Dr. Lindau war es nicht neu, daß Frauen oft gehemmt waren, wenn sie einem Arzt, einem Mann also, von irgendwelchen Beschwerden im Intimbereich berichten sollten. Das schien nun auch bei Irmgard Ehlers der Fall zu sein. »Frau Ehlers, ich nehme an, daß es Ihnen peinlich ist, mir von Ihren Beschwerden zu erzählen – weil ich ein Mann bin«, redete er beruhigen auf die junge Frau ein. »Ich verstehe das, aber denken Sie jetzt nur daran, daß ich der Arzt bin, zu dem Sie Vertrauen haben sollten.«
Irmgard Ehlers straffte sich ein wenig. »Ich gebe zu, daß ich natürlich lieber mit einer Ärztin gesprochen hätte«, erklärte sie mit leiser Stimme, »aber wenn es nicht…« Das Schrillen des Telefons auf dem Schreibtisch hinderte sie am Weitersprechen.
Dr. Lindau meldete sich. Am anderen Ende der Leitung war Dr. Hoff. »Ja, was gibt es, Herr Kollege?« fragte der Chefarzt.

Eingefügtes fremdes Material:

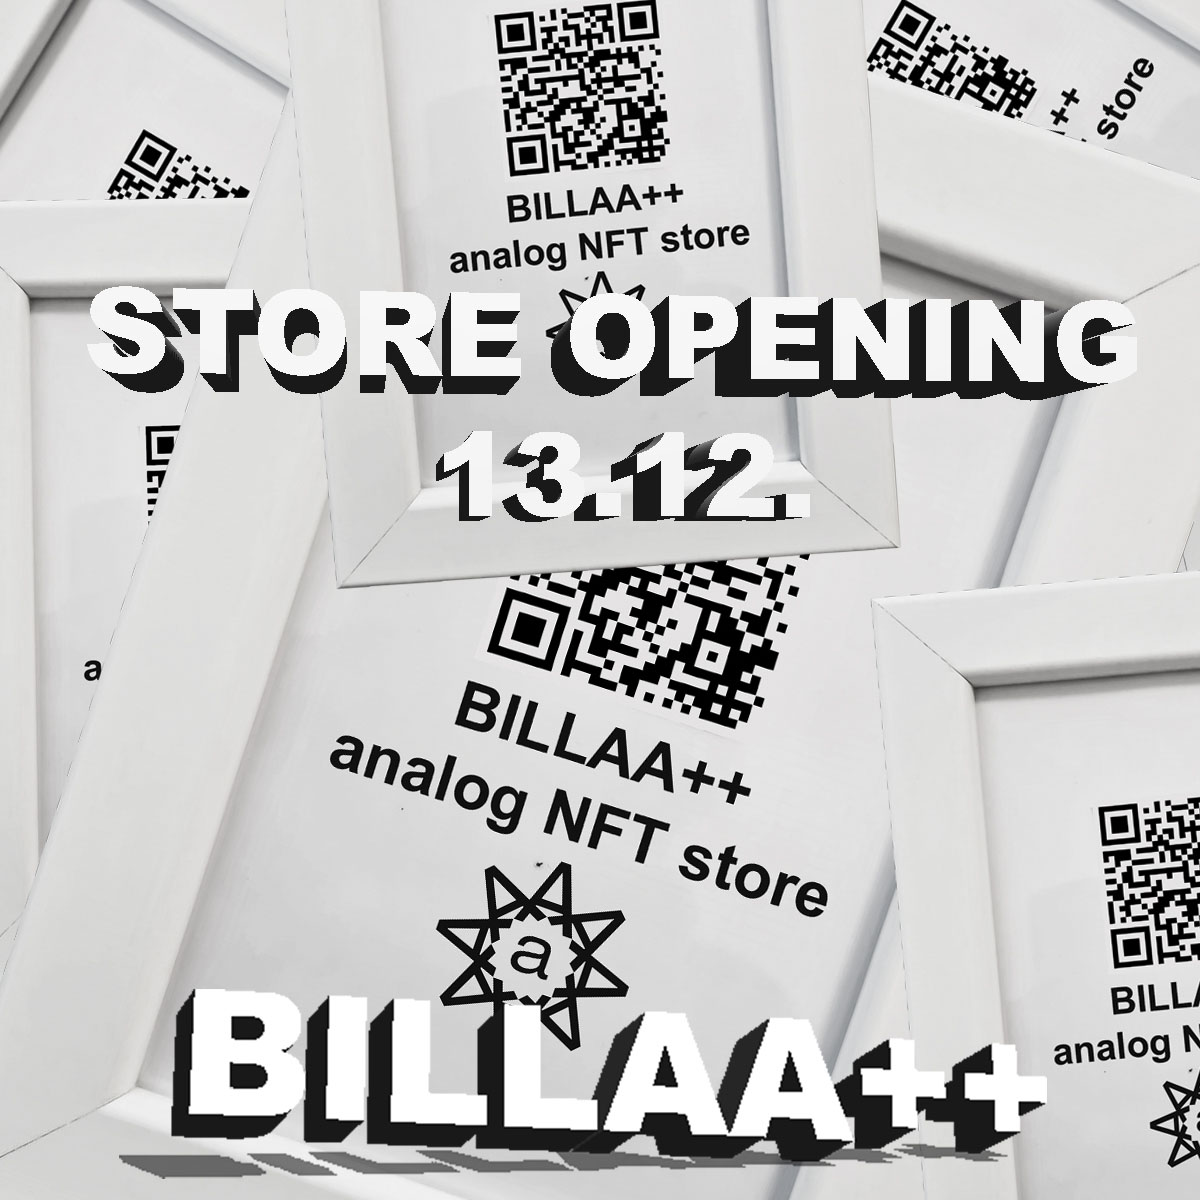 BILLAA++  Analog NFT Store wien
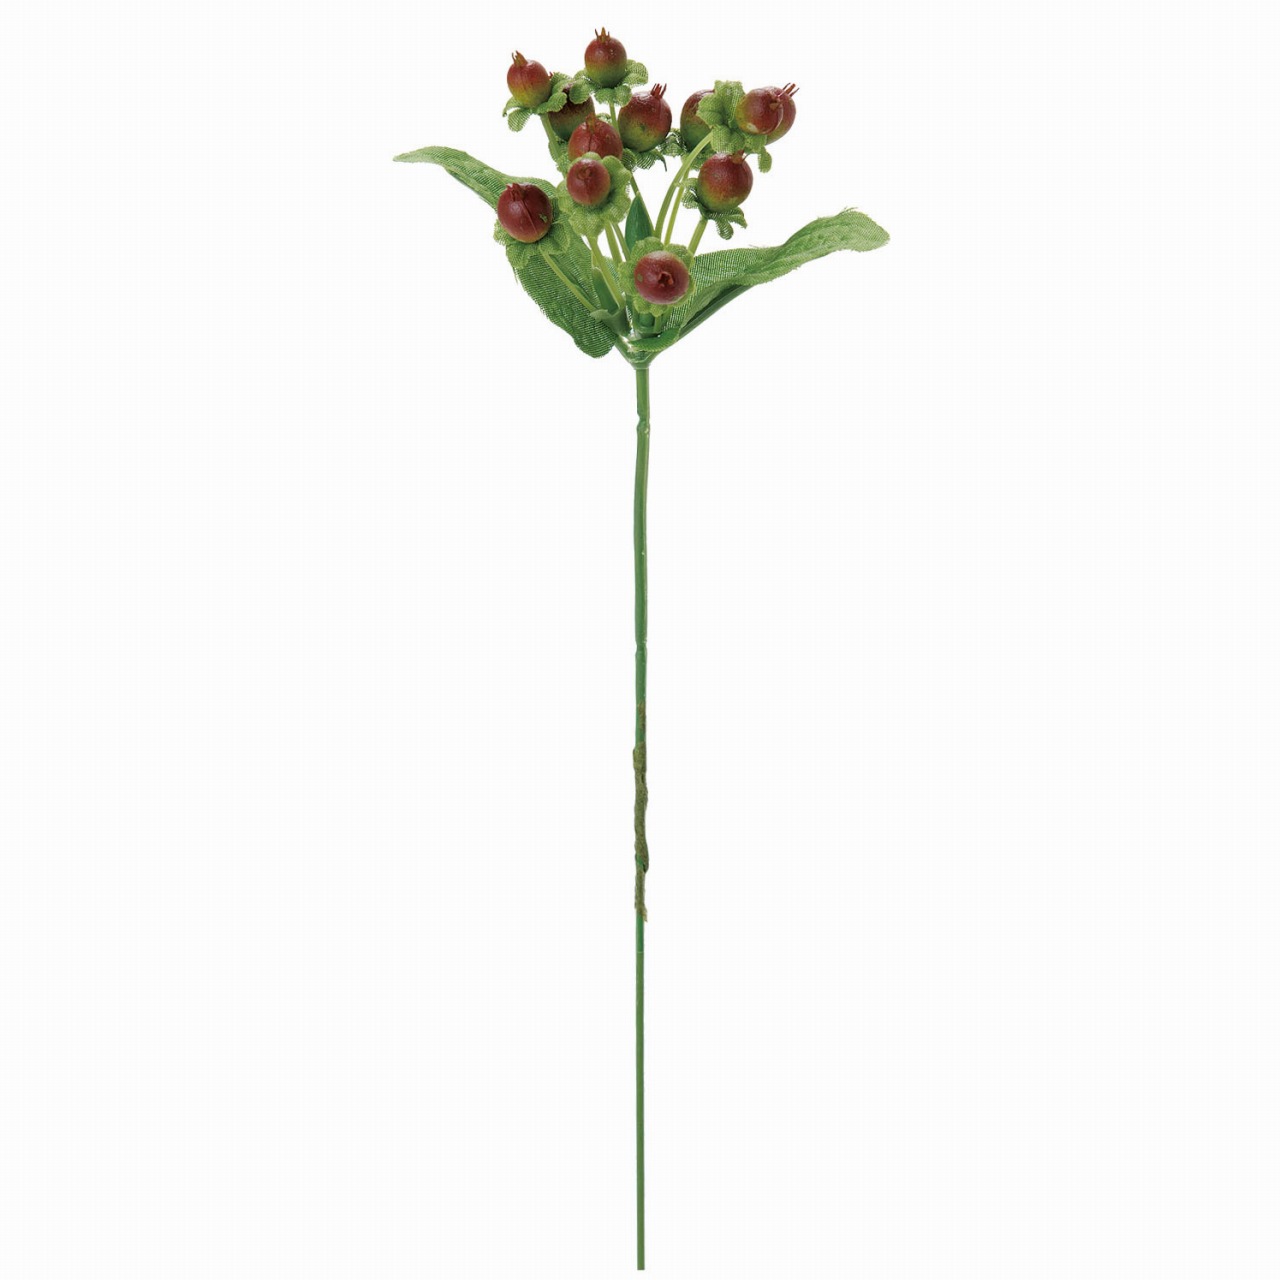 マイフラ 通販 Magiq ヒペリカム ピック ブラウンレッド アーティフィシャルフラワー 造花 Fm 1束 実もの 実の直径 約1 1 5 全長 約16cm ブラウンレッド Magiq アーティフィシャルフラワー 造花 全国にmagiq 花器 花資材などをお届けします

»Ich glaube, wir müssen bei der Patientin Herning sofort einen Kaiserschnitt vornehmen«, kam die Antwort. Es folgten einige kurze Begründungen.
Dr. Lindaus Miene wurde ernst. »Wenn das so ist, Herr Hoff, dann lassen Sie sofort alles vorbereiten«, wies er den Gynäkologen an. »Ich bin in ein paar Minuten oben.« Er legte auf und wandte sich an Irmgard Ehlers. »Tut mir leid, aber ich muß schnellstens zu einem Eingriff. Eine Kaiserschnittgeburt kann man nicht aufschieben.«
»Soll… soll… ich warten, Herr Doktor?« fragte die junge Frau.
»Wenn Sie möchten – bitte«, erwiderte Dr. Lindau, berichtigte sich aber schon in der nächsten Sekunde und sagte: »Nein, wir machen es anders. Meine Stellvertreterin, Frau Dr. Westphal, kann sich Ihrer annehmen. Ihr gegenüber werden Sie wahrscheinlich auch offener und weniger gehemmt sein können.«
Irmgard Ehlers atmete erleichtert auf. »Ja«, sagte sie.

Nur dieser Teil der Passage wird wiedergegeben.